→ Materials provided:

########################################

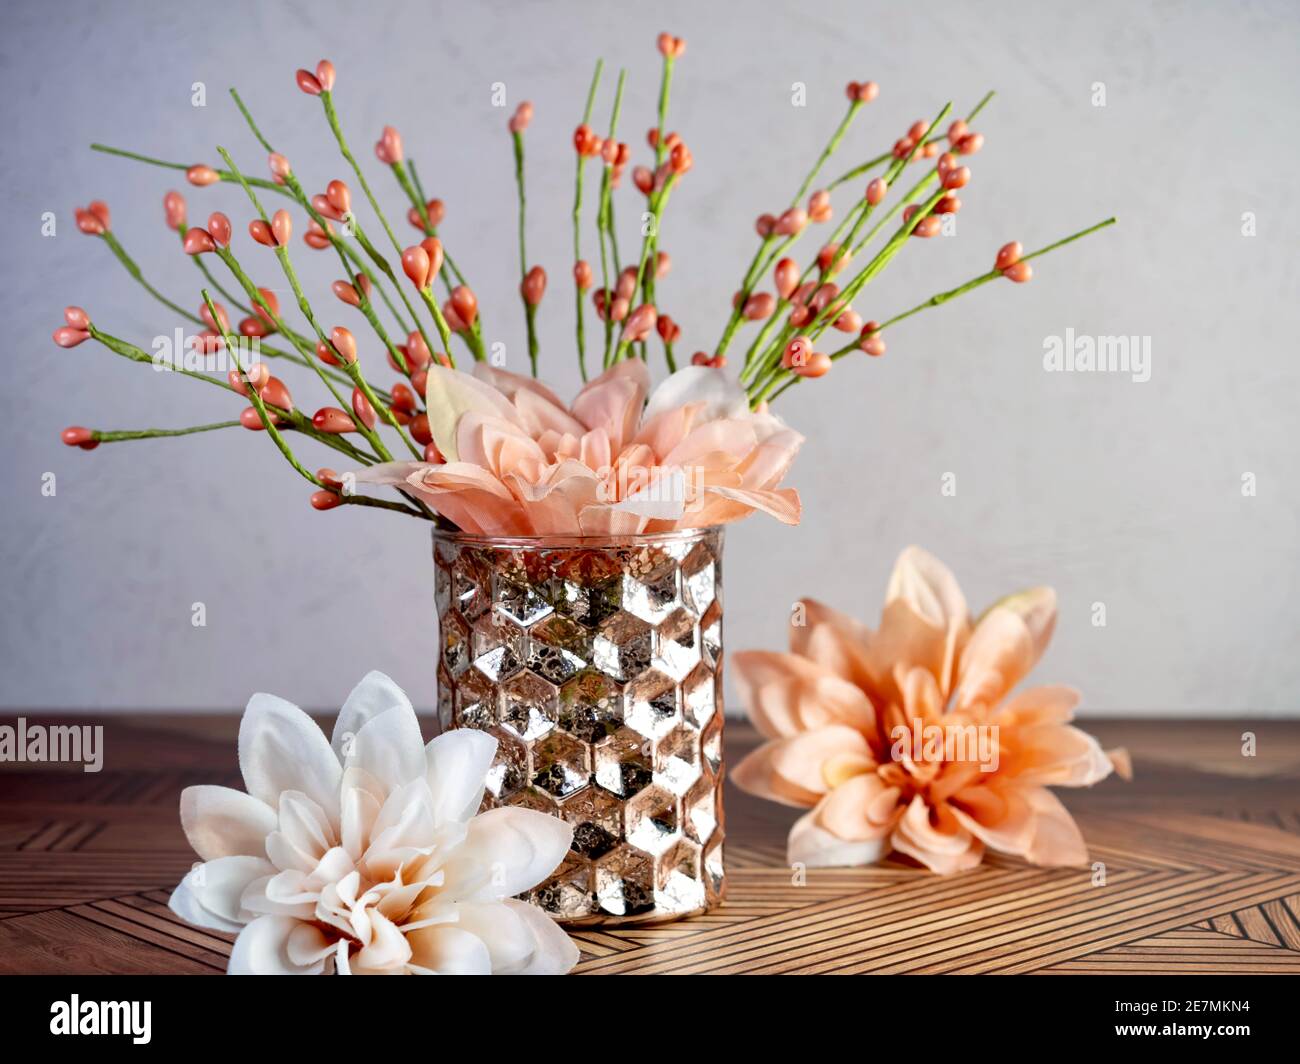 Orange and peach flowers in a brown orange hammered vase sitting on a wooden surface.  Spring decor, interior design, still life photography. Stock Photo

########################################

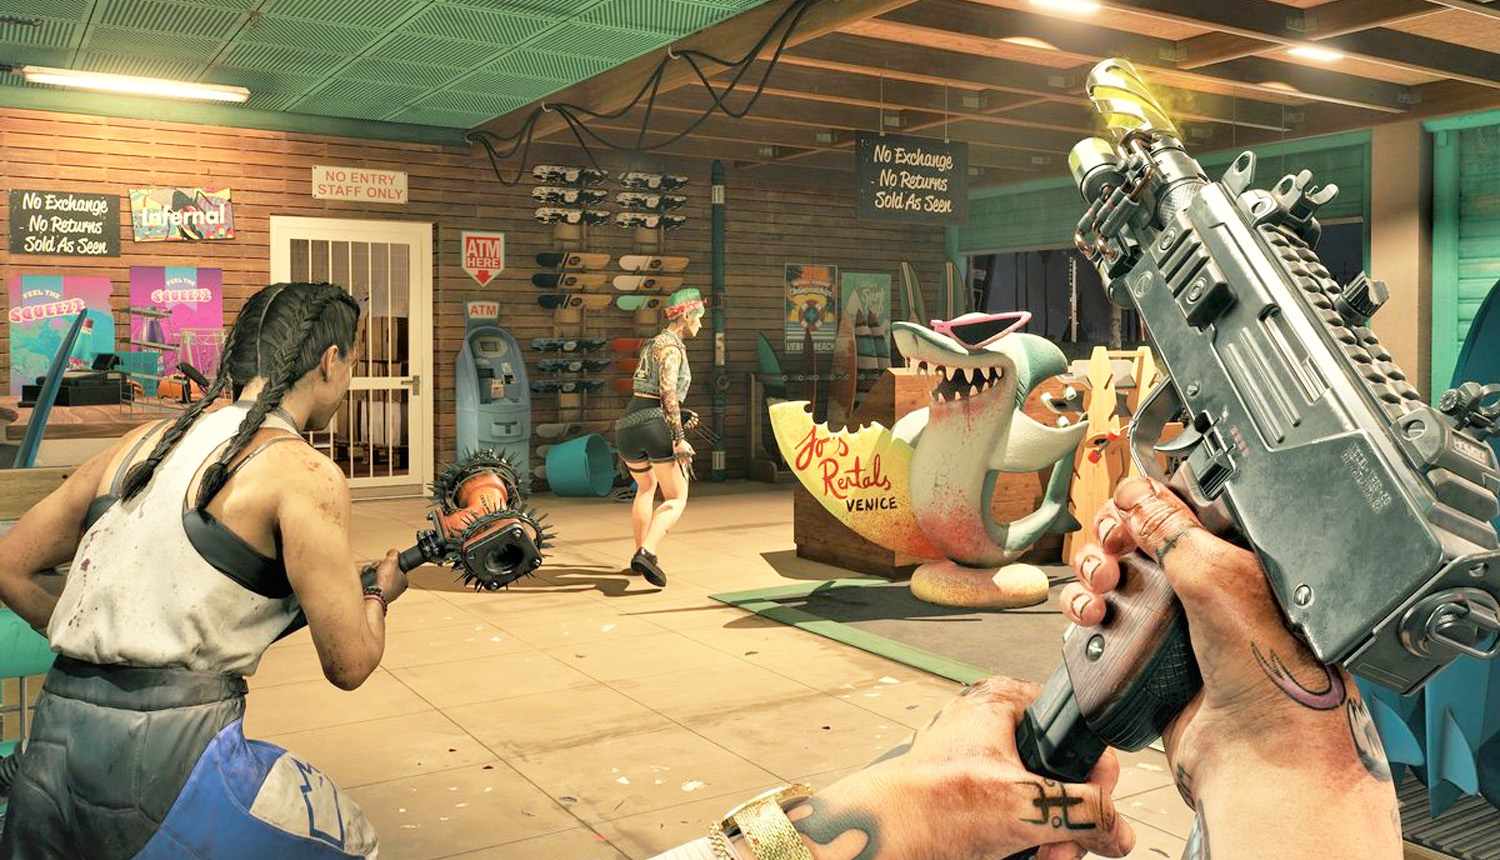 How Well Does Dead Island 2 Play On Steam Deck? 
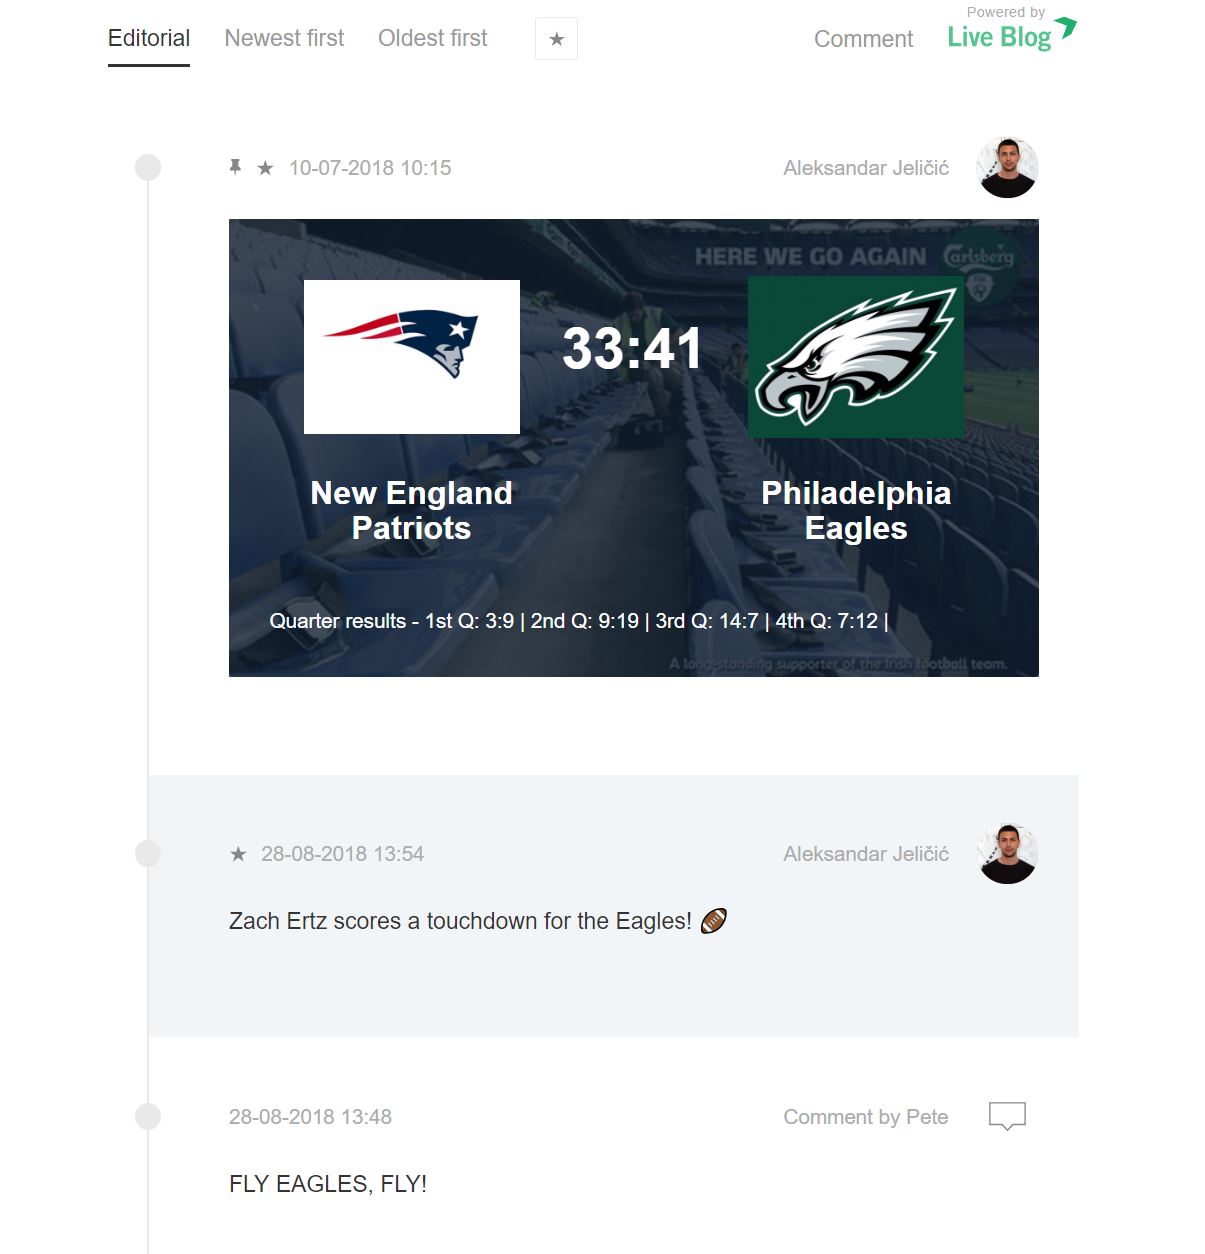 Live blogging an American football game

########################################

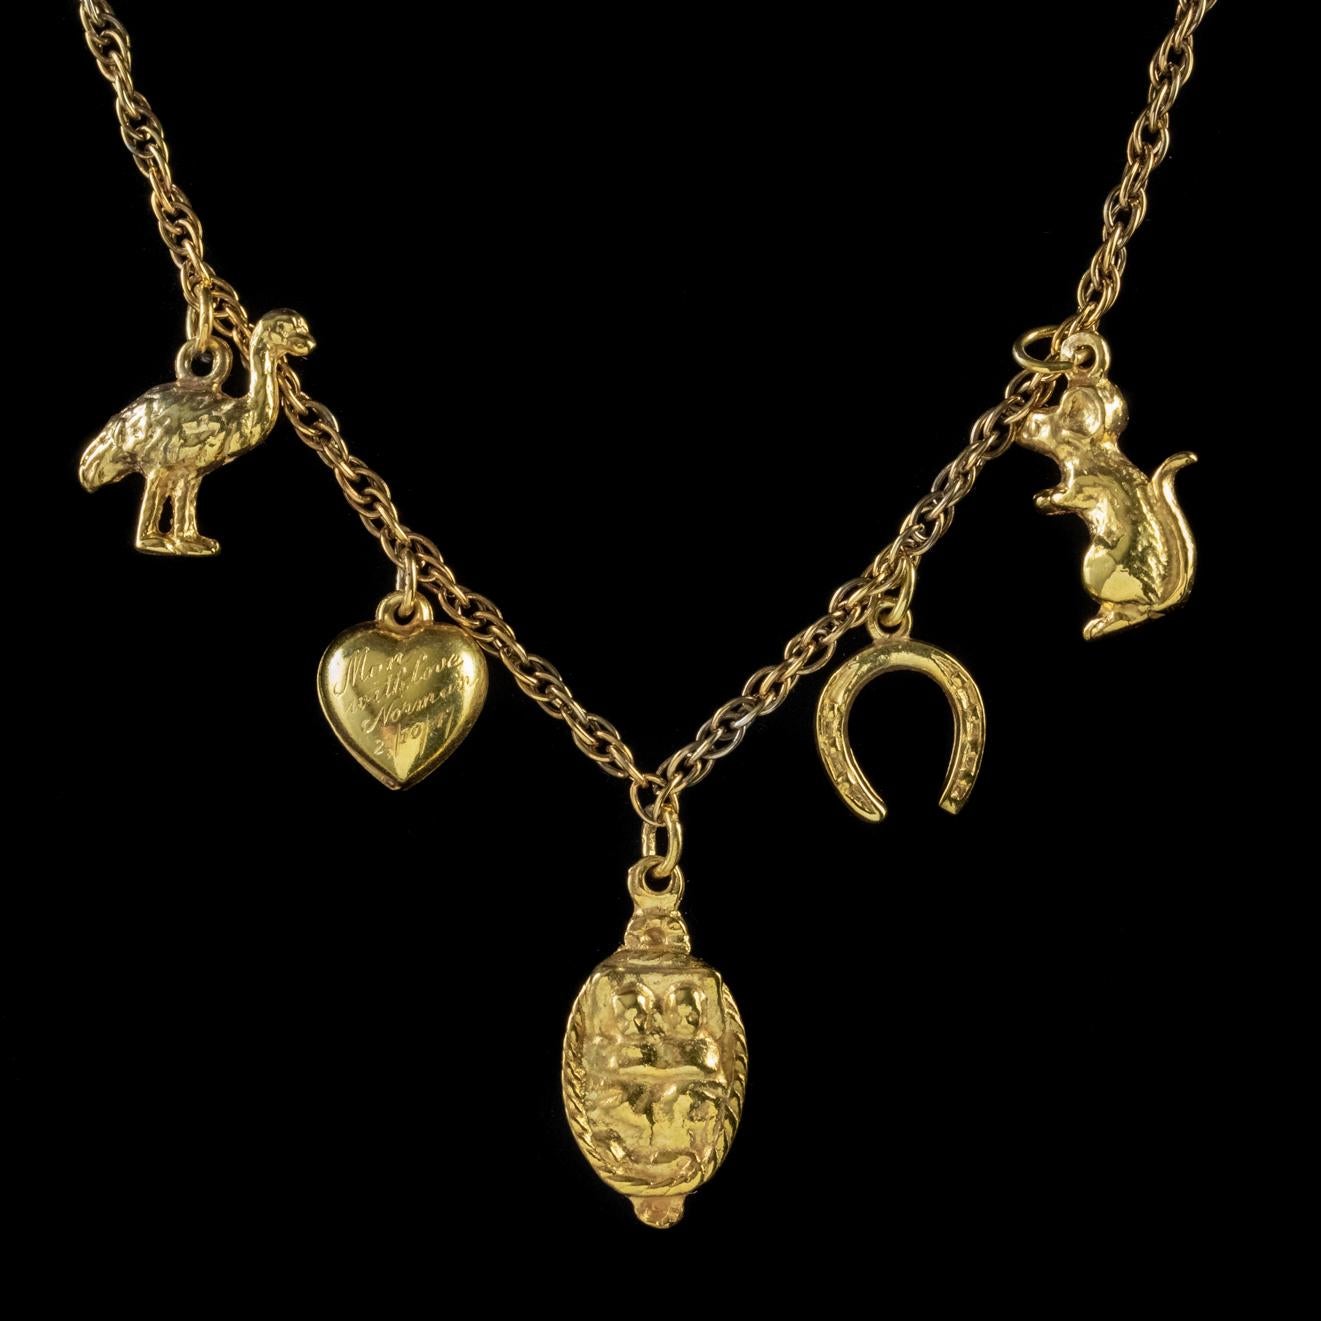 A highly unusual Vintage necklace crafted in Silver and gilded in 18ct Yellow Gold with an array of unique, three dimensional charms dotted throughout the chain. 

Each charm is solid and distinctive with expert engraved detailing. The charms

########################################

→ Exercise instructions:
Using the data above, give again exactly the lines starting at the one holding "How Well Does" and ending at the one holding "Live blogging an American football game", inclusive, and nothing more. Omit the pictures.

→ Answer box:
 How Well Does Dead Island 2 Play On Steam Deck? 
 Live blogging an American football game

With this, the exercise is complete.